Protestant Origins in India: Tamil Evangelical Christians, 1706-1835.


Young, Richard Fox


Protestant Origins in India: Tamil Evangelical Christians, 1706-1835. By D. Dennis Hudson. Studies in the History of Christian Missions 2. Grand Rapids, Mich.: William B. Eerdmans, 2000. xii + 220. $45.00 cloth.

It was not long after Bartholomaeus Ziegenbalg, a German Lutheran Pietist, established India's first Protestant mission at Tranquebar on the southeast coast of India in 1706 that the English-speaking world heard of his endeavors.
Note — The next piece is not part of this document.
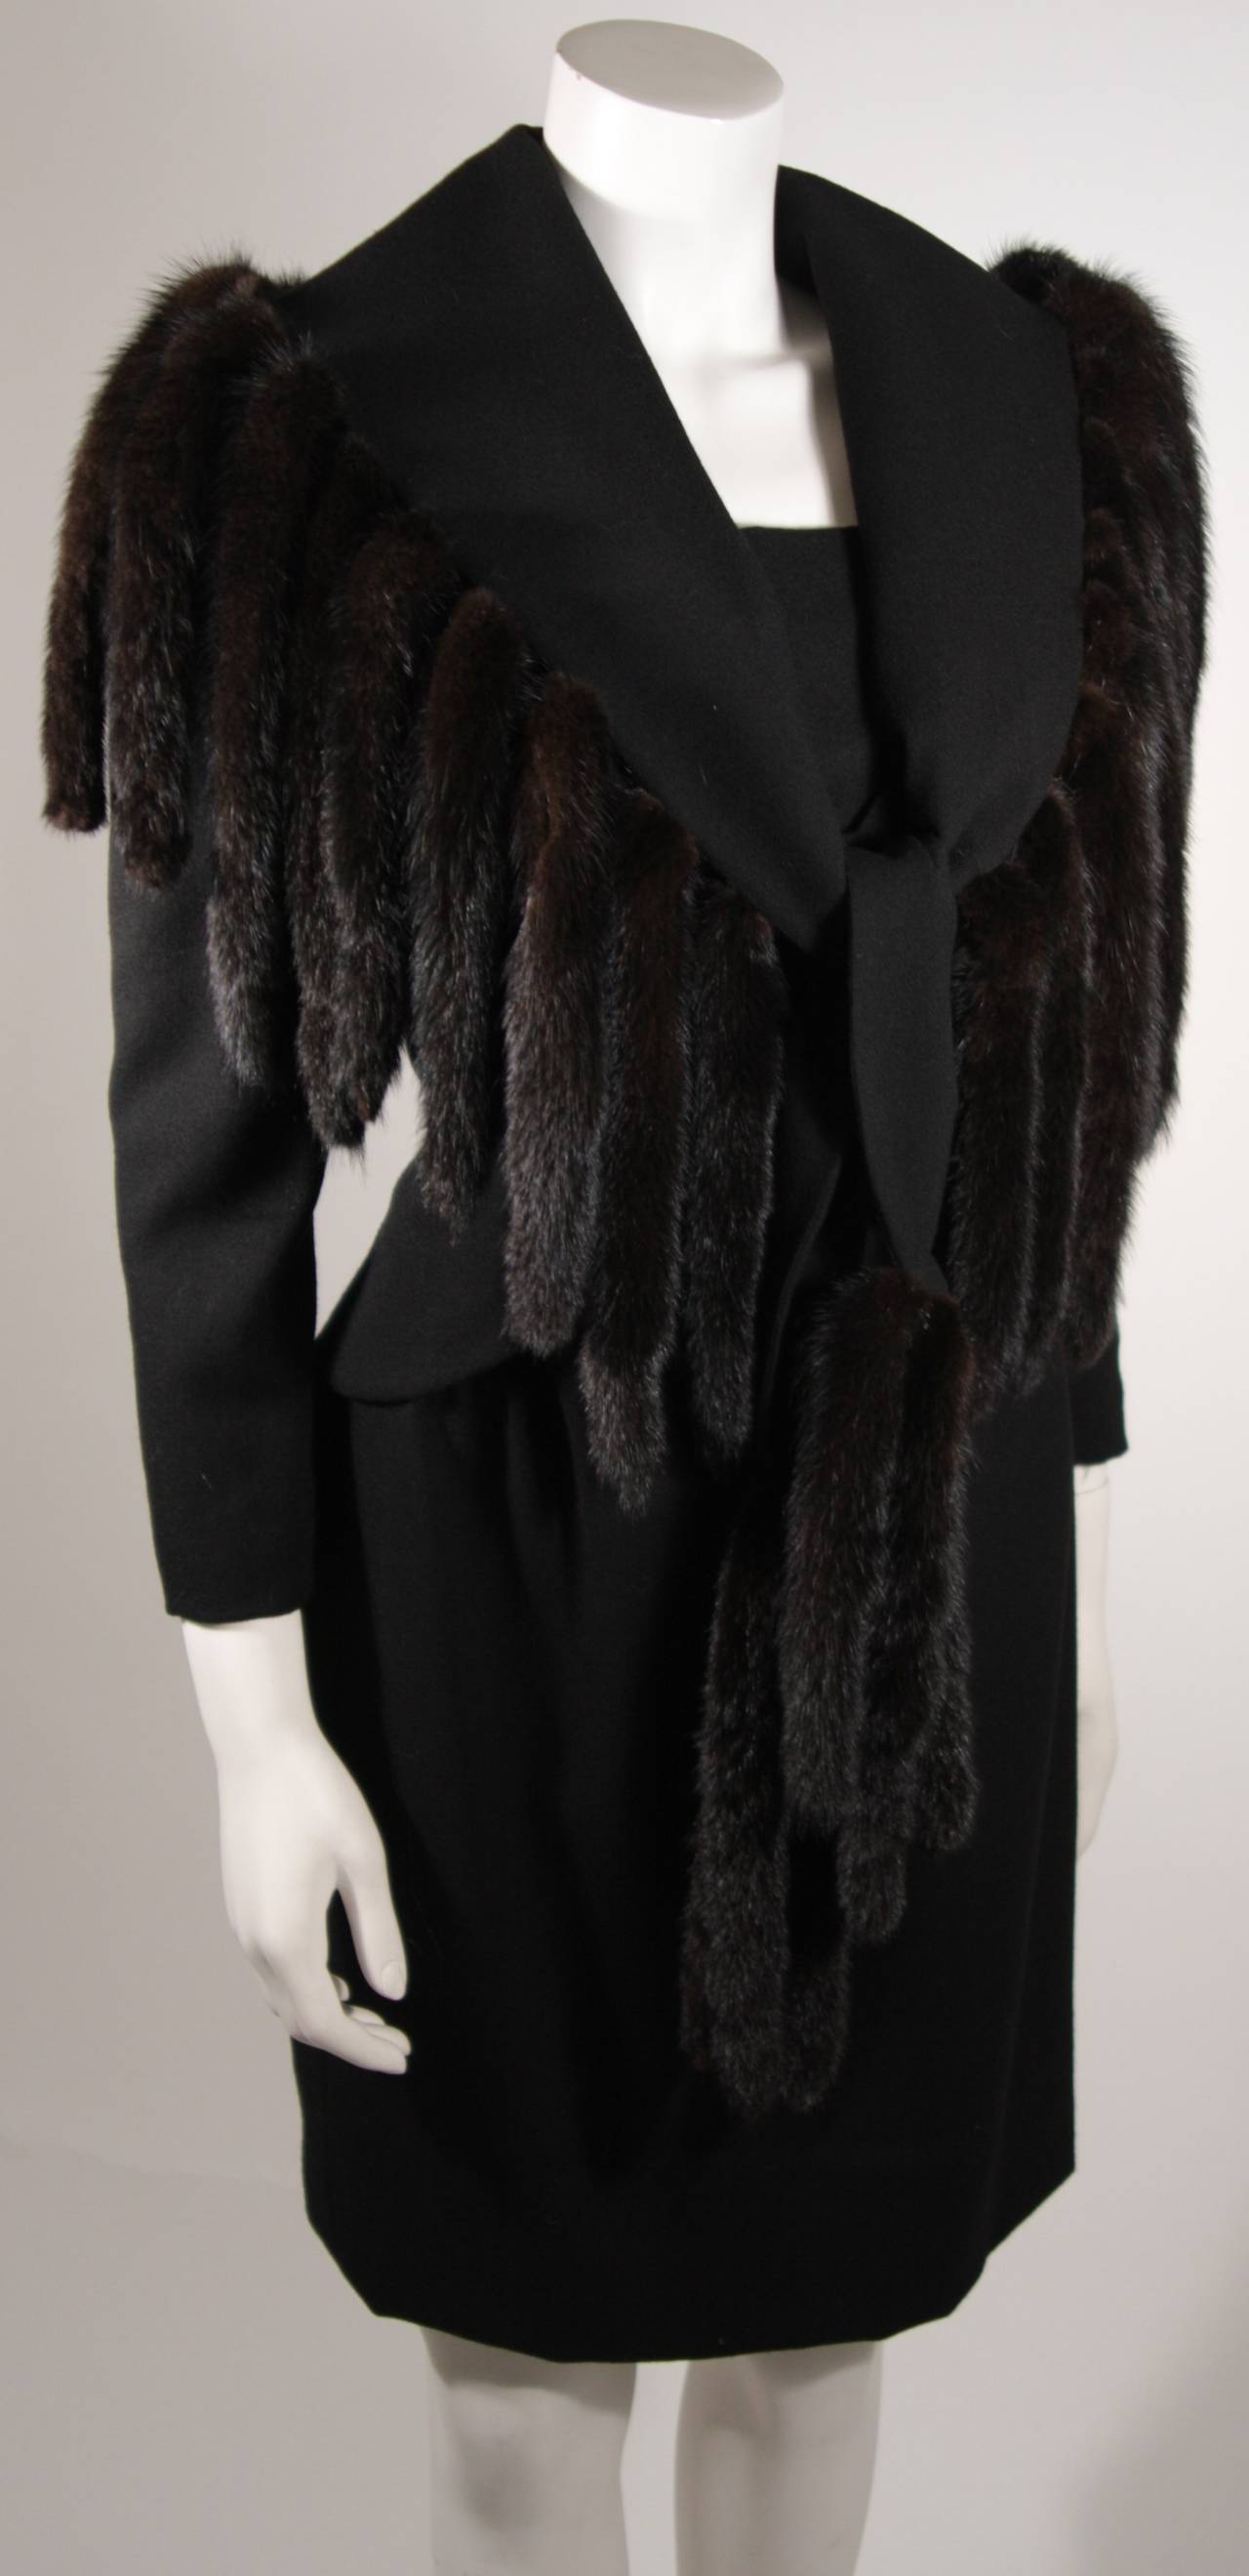 Travilla Black Wool Dress Ensemble with Mink Tail Fringed Coat Size 6-8 In Excellent Condition For Sale In Los Angeles, CA

From 1709 until his death in 1719, Ziegenbalg's letters were frequently translated. To keep abreast after that, one had to read the berichte in German. Few were analyzed (in any language), and--understandably--Ziegenbalg's garnered the most attention. So interesting was his epoch and so prodigious his writing that the scholarship based on it, mostly German, has unintentionally discouraged the quest for indigenous materials to offset the Eurocentric biases symptomatic of archival research.

Hudson, a specialist in South Indian religions, imbues his volume with helpful Indic perspectives. As the title indicates, the focus is Tamil, not European, Evangelicalism; while the Halle prototype is well handled, the central questions are: "How did indigenous predispositions affect the appropriation of Pietism and how were Tamils the agents of their own self-transformation?" The Tamil berichte Hudson adduces derive mainly from the post-Ziegenbalg correspondence of Vedanayaga Sastri. Coming from a Christian who defended the older Pietism against the cultural rigidity of later, more Calvinistic missionaries, Vedanayaga's writings are for Hudson an authentically Tamil articulation of the gospel. For cross-cultural hermeneutics, one does not find better than this.

Although the book sets a hard-to-reach standard, German scholarship has not been entirely superseded. Some of the best being done is by a Tamil, Daniel Jeyaraj. Because Hudson cites him frequently, the misspelling "Jeyeraj" should be noted.